The question whether the states in $D=2m + 2$ dimensional string theory, which carry a representation of $SO(2m)$, span spaces which carry representations of $SO(2m+1)$ seems hopelessly complicated. For $m=1$, i.e in the most interesting case $D=4$, however, it boils down to the following question.
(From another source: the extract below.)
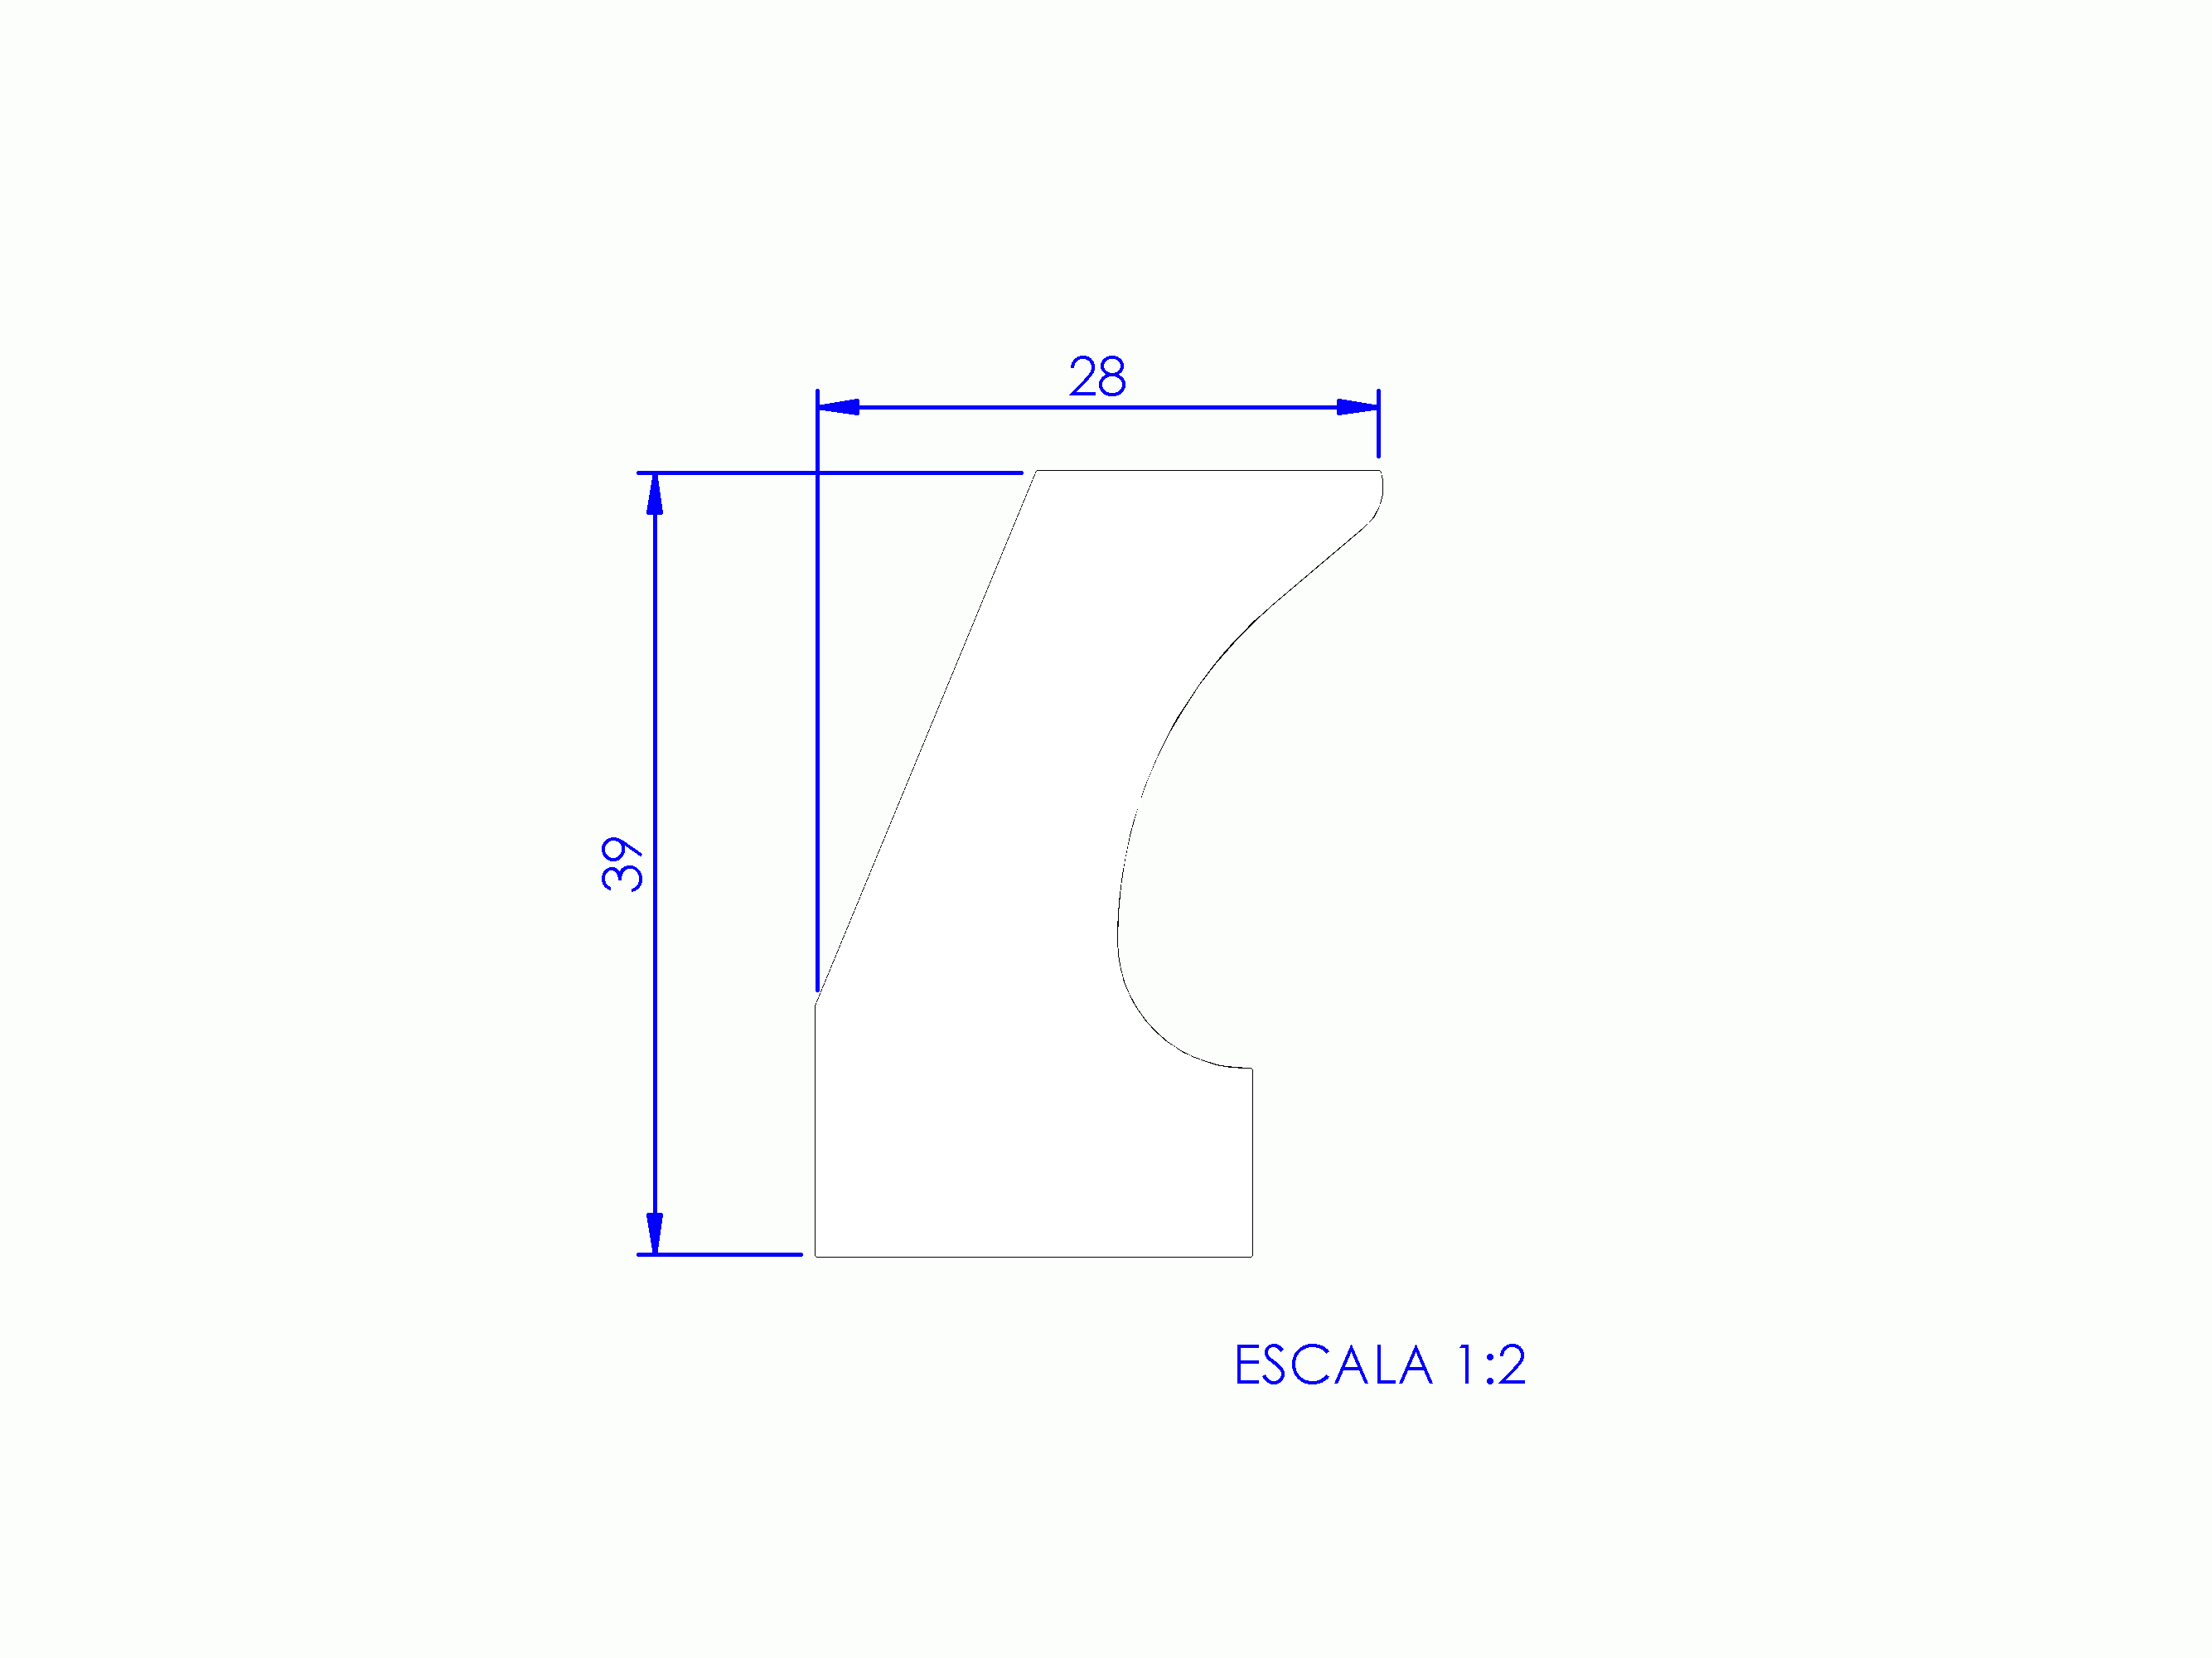 Perfil de Silicona P18A - formato tipo Labiado - forma irregular

Let $h(x,q)$ be the function: $$ h(x,q) = \sum_N (q^N \sum_n h_{N,n} x^n) = \prod_{i=1}^{\infty} 1/((1-q^i*x)(1-q^i/x)) $$

Are the differences $d_{N,n}=h_{N,n}-h_{N,n+1}$ nonnegative for all $N\ge 2$ and all $n\ge 0$? ($h_{N,n}=0$ for $|n|>N$)
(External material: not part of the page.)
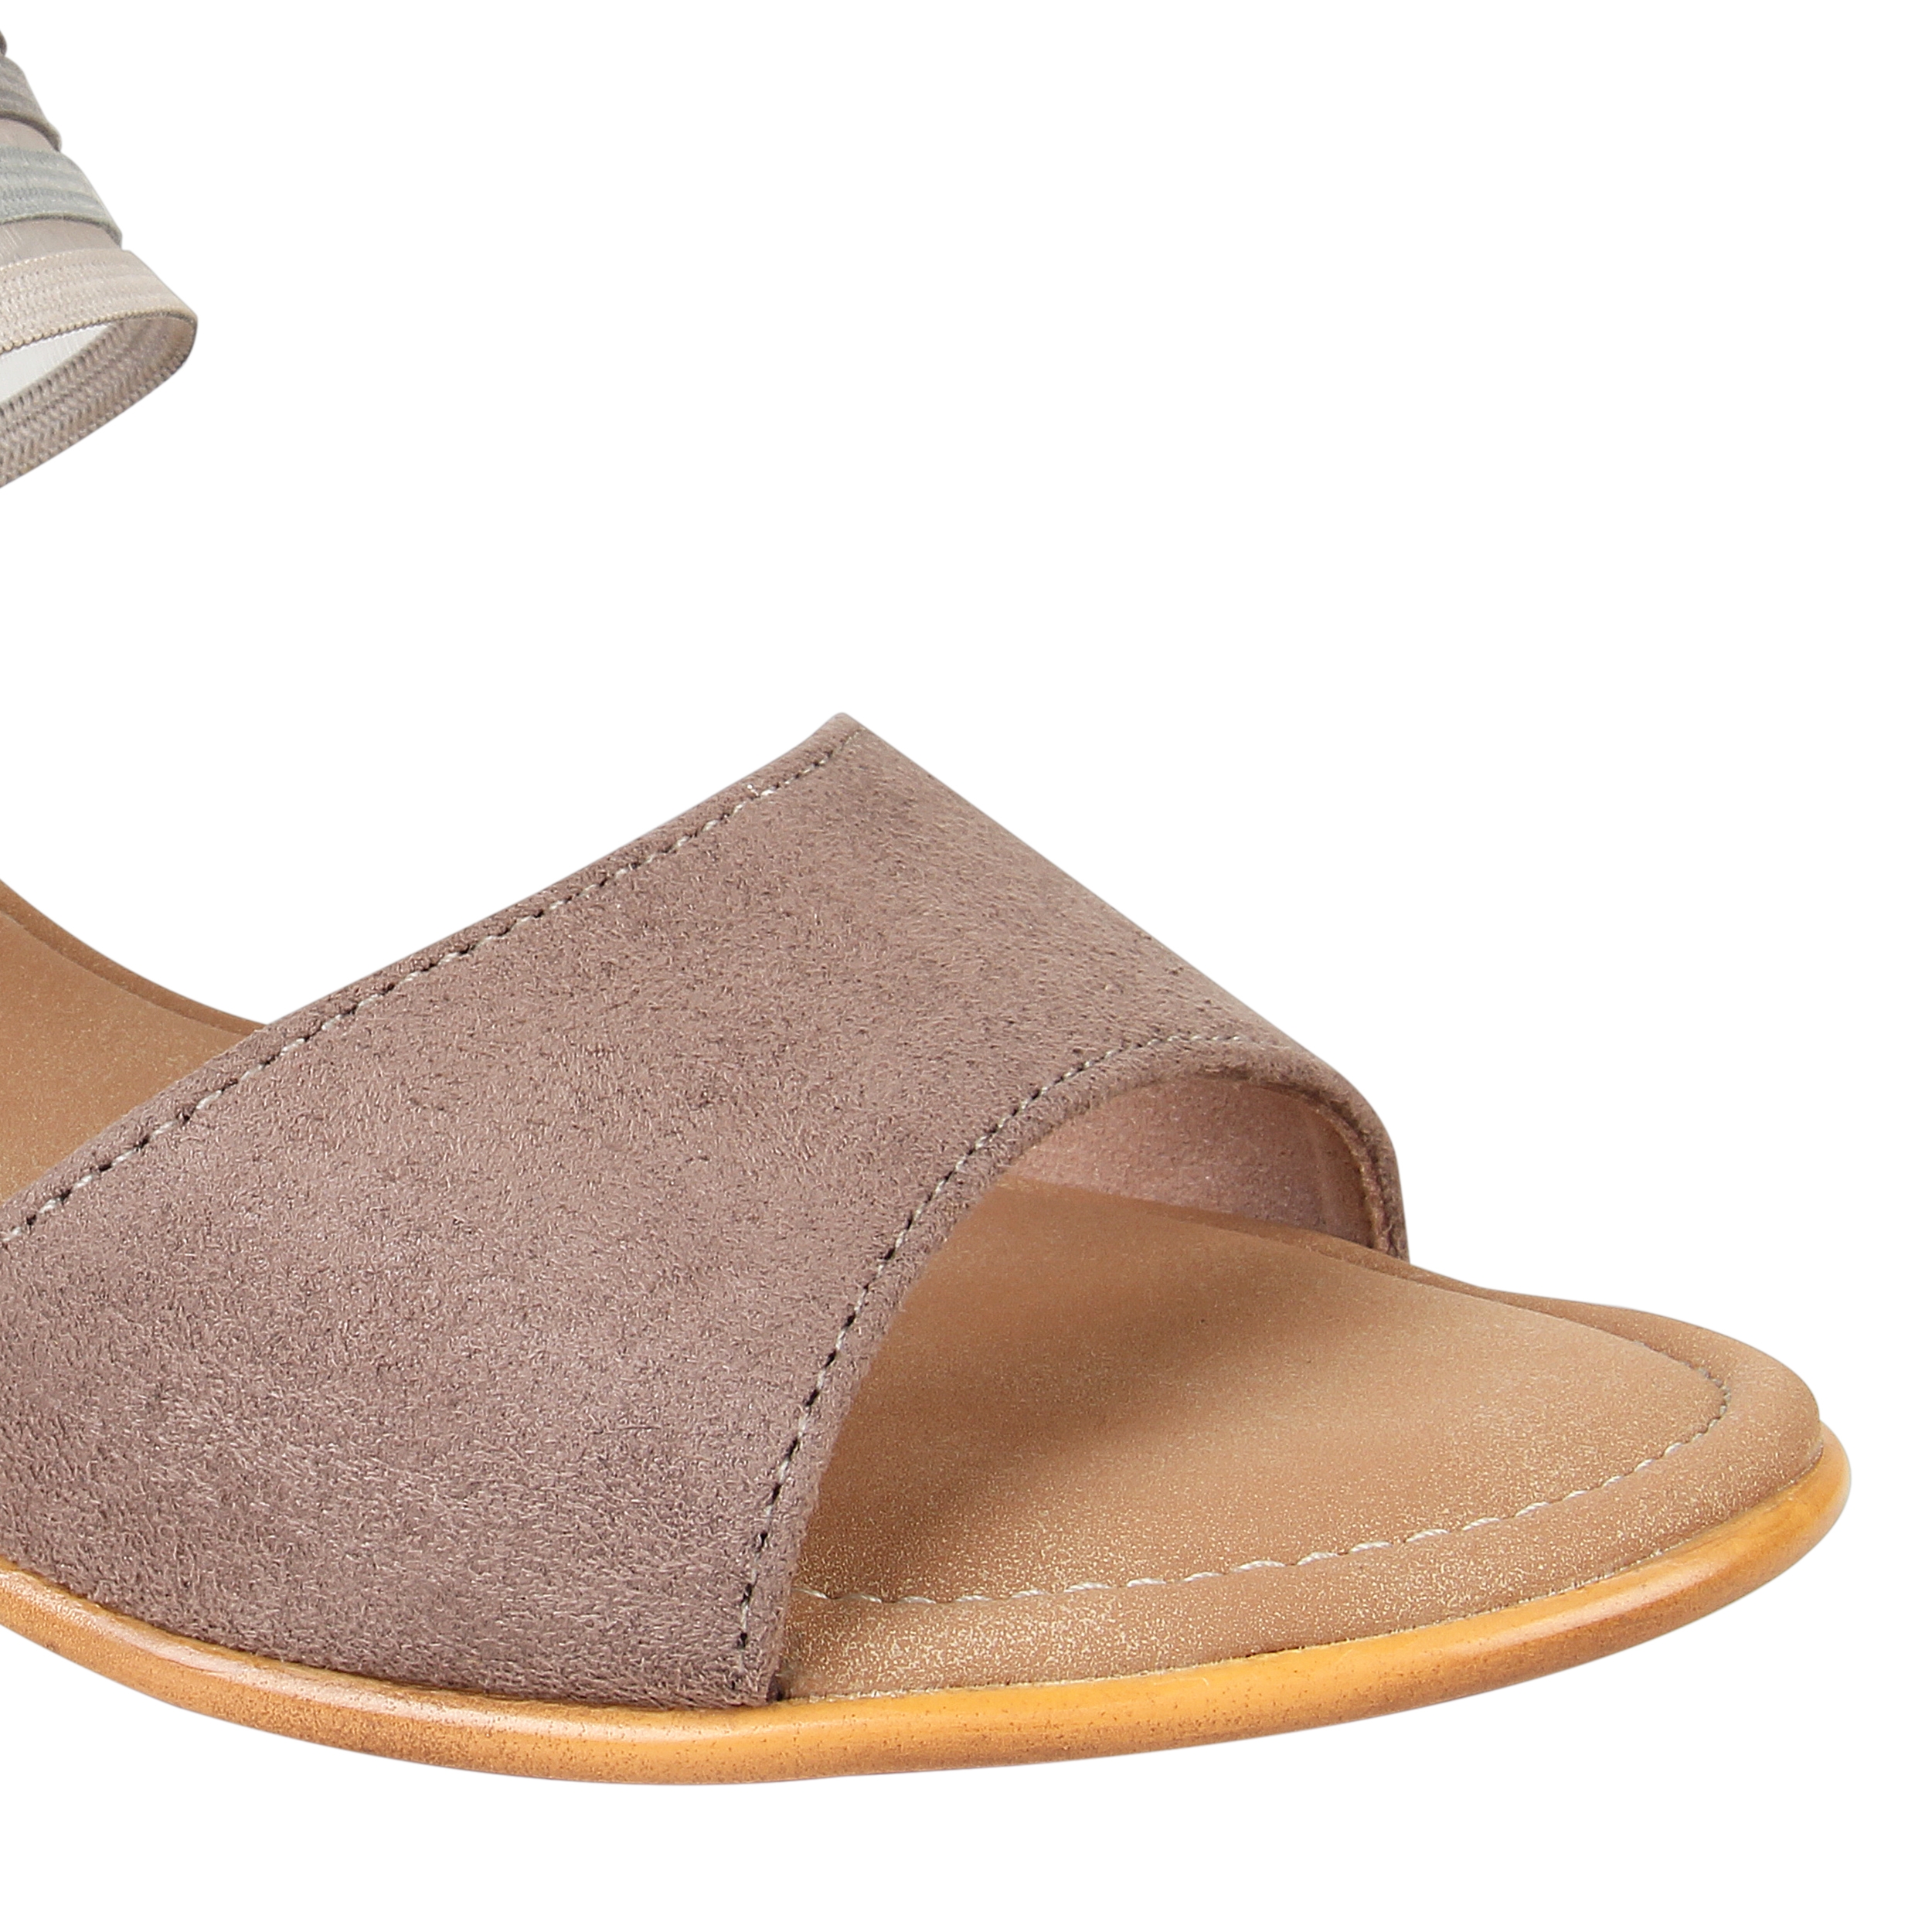 CATWALK | Taupe Multi Strap Sandals

One easily sees $d_{N,N}=1, d_{N,N-1}=0$.

My calculations of about 20 nontrivial differences confirm the conjecture for $N\le 8$.

Added information: The numerical evaluation of $h(x,q)$ confirms the conjecture for $N\le 51$: http://www.itp.uni-hannover.de/~dragon/part1.erg , where the differences $d_{N,n}$ are listed as $A[N,n]$.

To exclude the special case $N=1$ one could add $q$ to $h(x,q)$ and try to prove that $$d(q,x)=(x-1/x)(q+h(x^2,q))=\sum_{m,n\ge 0}d_{m,n}q^m (x^{2n+1}-x^{-(2n+1)})$$ is a function with $d_{mn}\ge 0$ for all $m\ge 0$ and for all $n \ge 0\,$.